Nathalie Vacaresse, Canada
Sunnybrook Research Institute Biological SciencesAuthor Of 1 Presentation
FOCUSED ULTRASOUND MEDIATES NON-INVASIVE GENE DELIVERY TO BRAIN AREAS RELEVANT TO ALZHEIMER’S AND PARKINSON’S DISEASES
Abstract
Aims
We aim to develop a gene therapy platform for the non-invasive delivery of transgenes efficiently targeting pathologies in brain areas affected by Alzheimer’s and Parkinson’s diseases. Therapies based on recombinant proteins, such as antibodies, have shown promises for the treatment of neurodegenerative disorders. To overcome the blood-brain barrier, current delivery strategies require repeated injections of proteins at high dosage. Gene therapy holds the potential of a one-time administration, resulting in the long-term expression of recombinant proteins for sustained therapeutic effects.
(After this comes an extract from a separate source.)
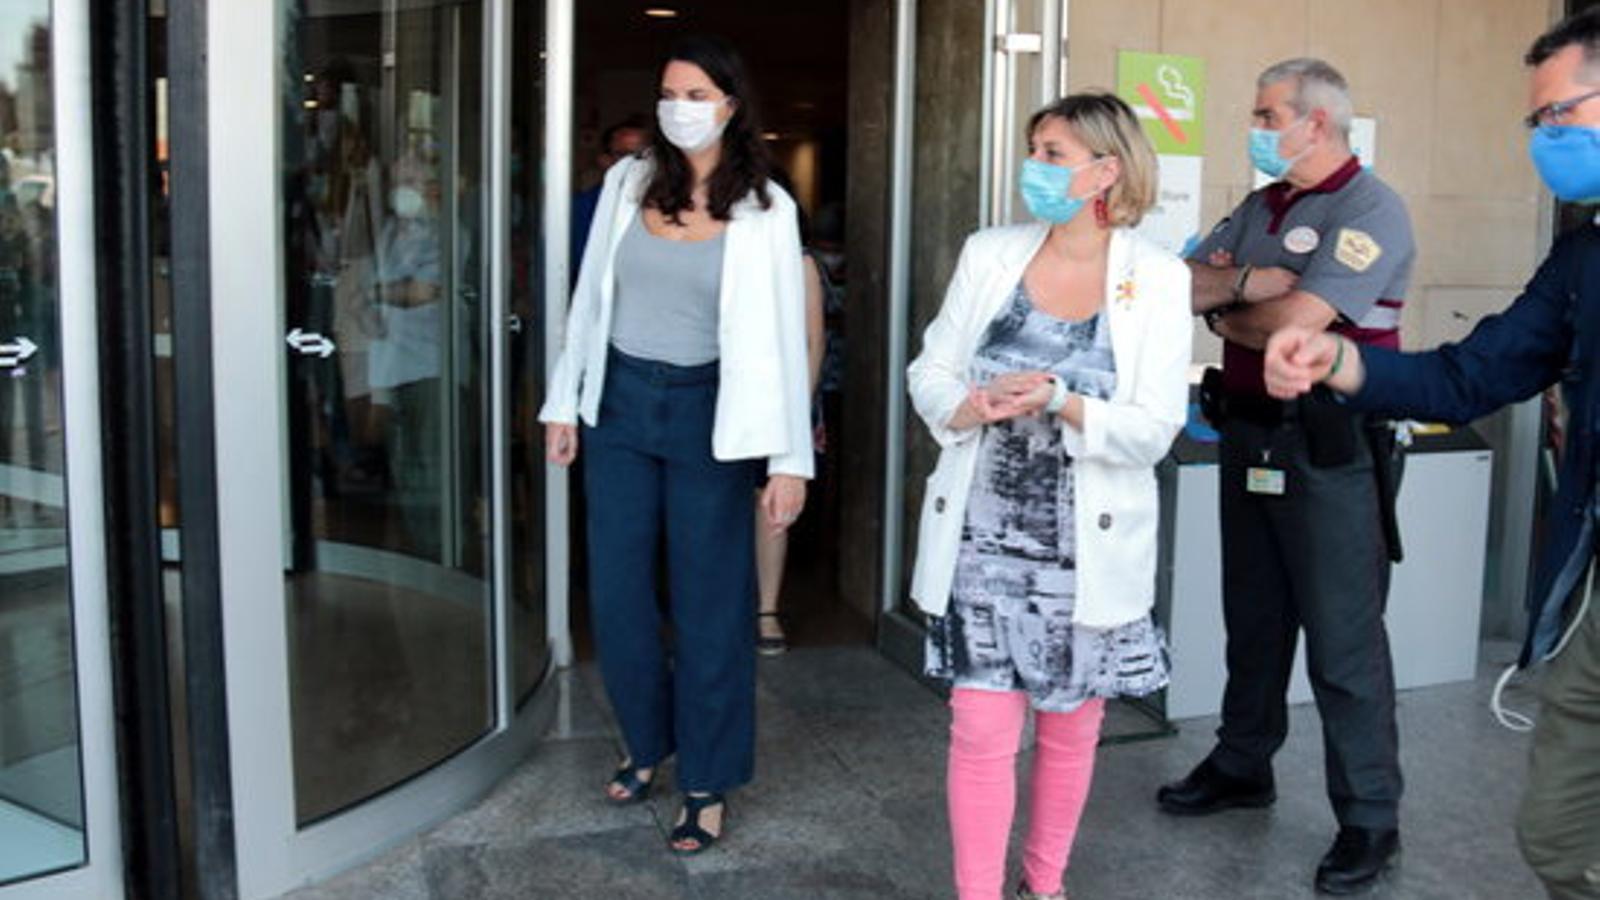 Salut confirma set brots de coronavirus a la regió sanitària de Lleida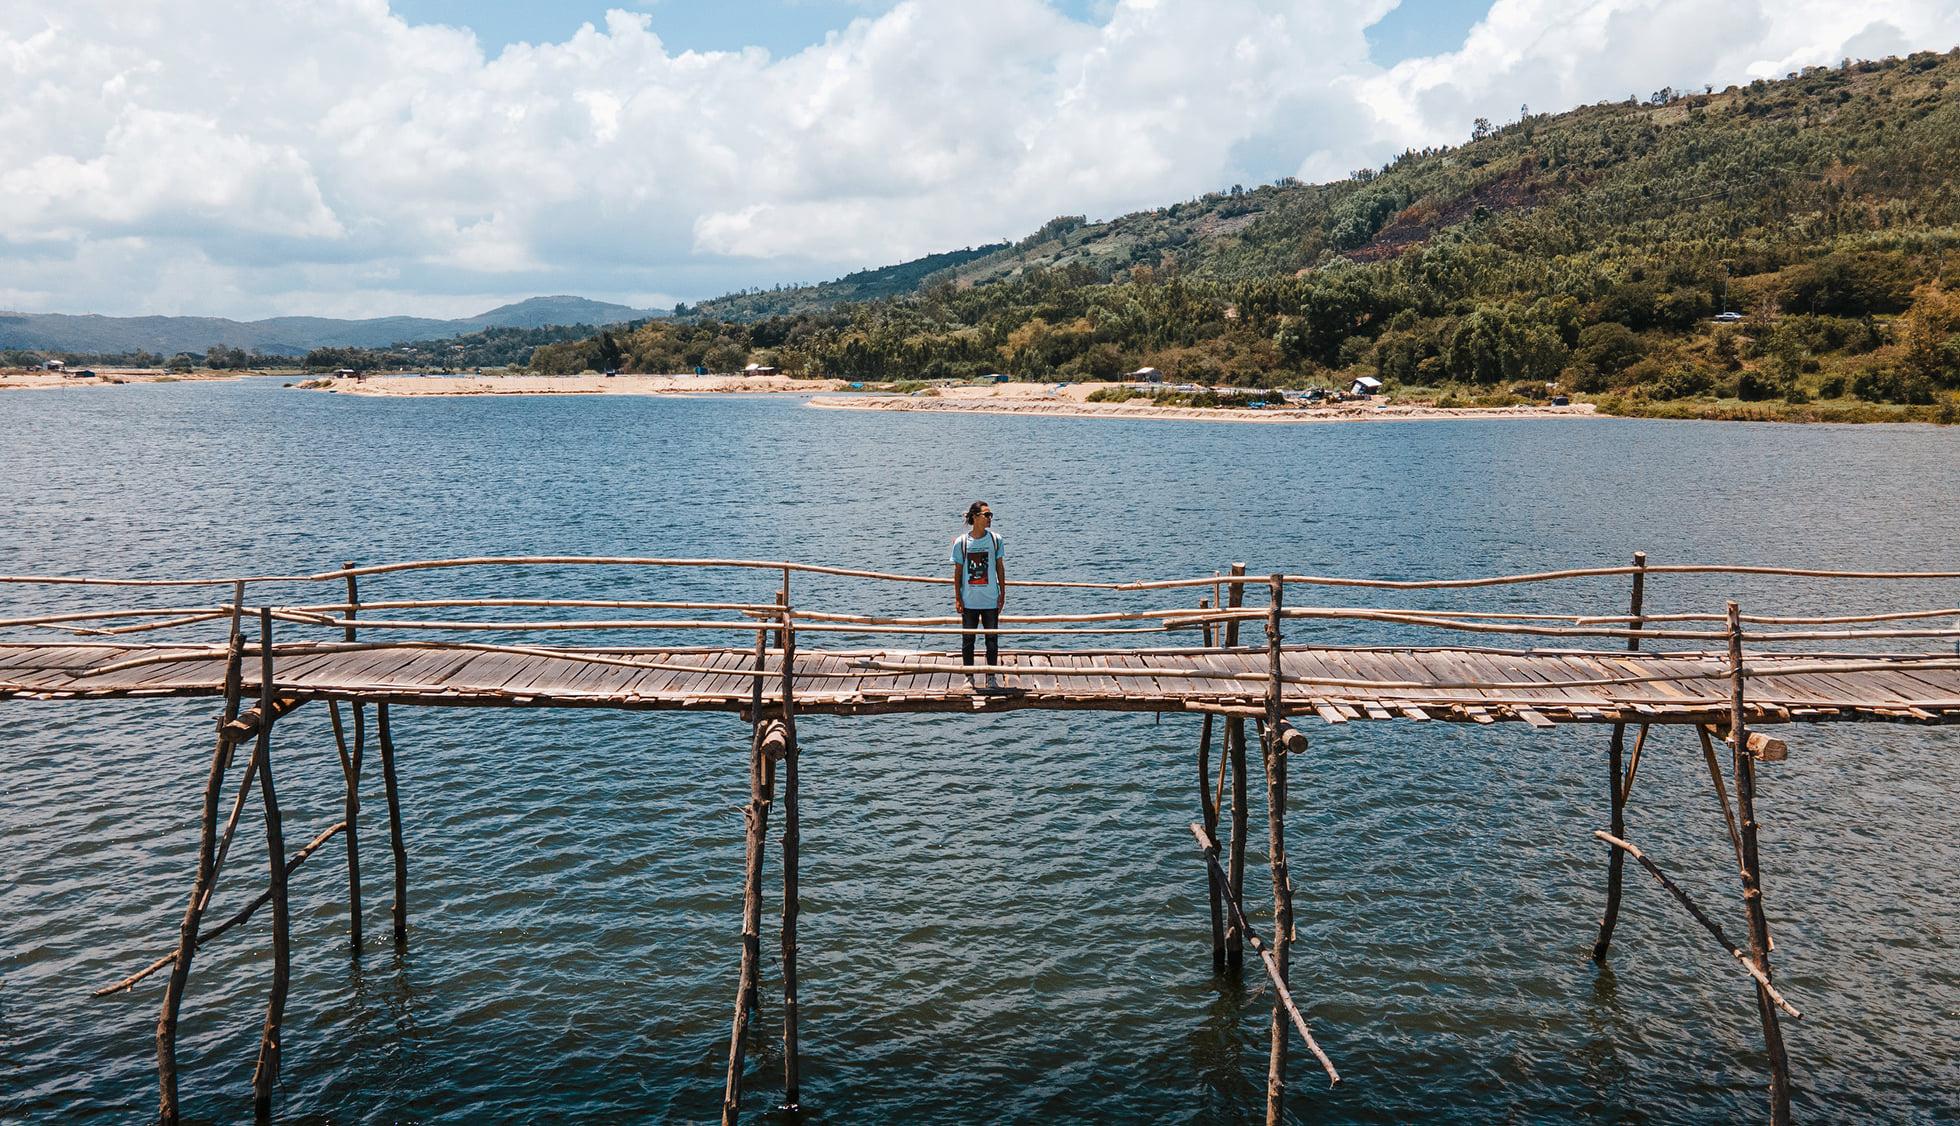 Phú Yên đầu hè qua góc nhìn của Kop Dinh và âm nhạc - Ảnh 5.

The safe, low-dose, and non-invasive delivery to the brain of a gene carrier, such as adeno-associated virus (AAV), still represents an unmet need in the field of gene therapy.
Methods
We use focused ultrasound and intravenously injected microbubbles to temporarily increase the permeability of the blood-brain barrier and deliver intravenous AAVs non-invasively to the brain.
Results
AAVs of different serotypes were delivered to the hippocampus, cortex, striatum and other brain regions relevant to neurodegenerative disorders. We established the impact of ultrasound parameters, promoters, and AAV capsids on AAV delivery to specific cell types, to restricted–or to large and diffuse–brain areas.
Conclusions
This systematic and thorough investigation of the use of focused ultrasound and microbubbles for delivery of intravenous AAVs to the brain provides the foundation of a gene therapy platform. This approach can be tailored for cell-type specificity and the required volume of brain area(s) to be treated, thereby enabling efficient delivery of therapeutic genes were they are most needed in cases of Alzheimer’s and Parkinson’s diseases.